The pound is likely to slide to levels not seen since the early months of the coronavirus pandemic because there is at least a 50-50 chance of a recession in the UK, according to Standard Bank, Africa’s biggest lender by assets, Bloomberg reported.

The comments come after the International Monetary Fund said that Britain’s inflationary shock is the “worst of the two worlds” as it faces a tight labour market, as seen in the US, as well as Europe’s energy crisis.

The pound was already under pressure after a number of reports, including purchasing managers’ data and consumer confidence, suggested that the economic recovery in the UK is faltering, Bloomberg said.

Meanwhile, the yen slid to the closely watched level of 130 per dollar on Thursday after the Bank of Japan reinforced its dovish policy, saying it would carry out fixed-rate bond buying every business day to defend its 10-year yield target.

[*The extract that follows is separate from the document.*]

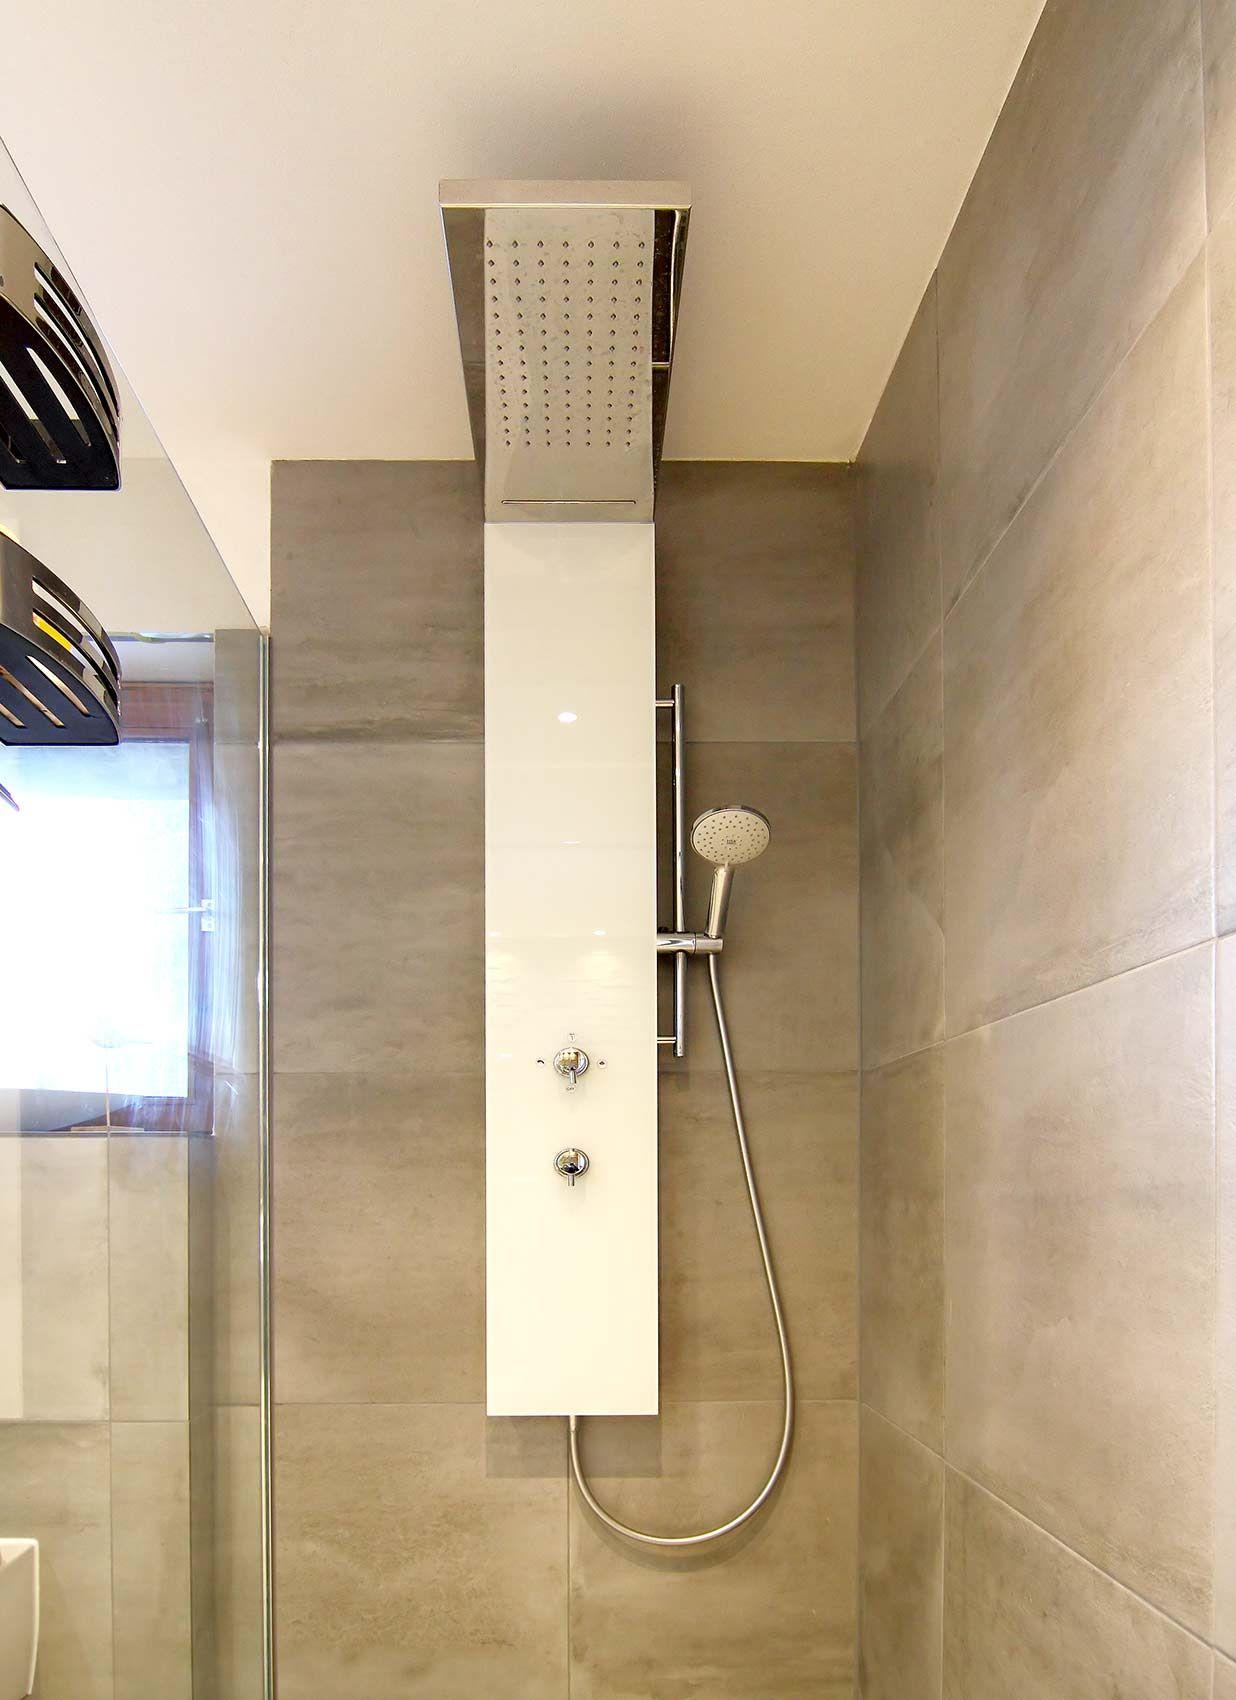 HEIMWOHL Badezimmer   Schwalldusche, Badezimmer, Dusche

The yen’s drop spurred wider foreign-exchange swings: the dollar extended an advance and the euro retreated along with the pound.

“Risks of a dovish repricing in the BoE rate expectations and potentially some re-emergence of negative Brexit-related headlines continue to pose downside risks to the pound in the coming weeks and a test of the 1.2500 support cannot be excluded,” ING analysts said in a research note.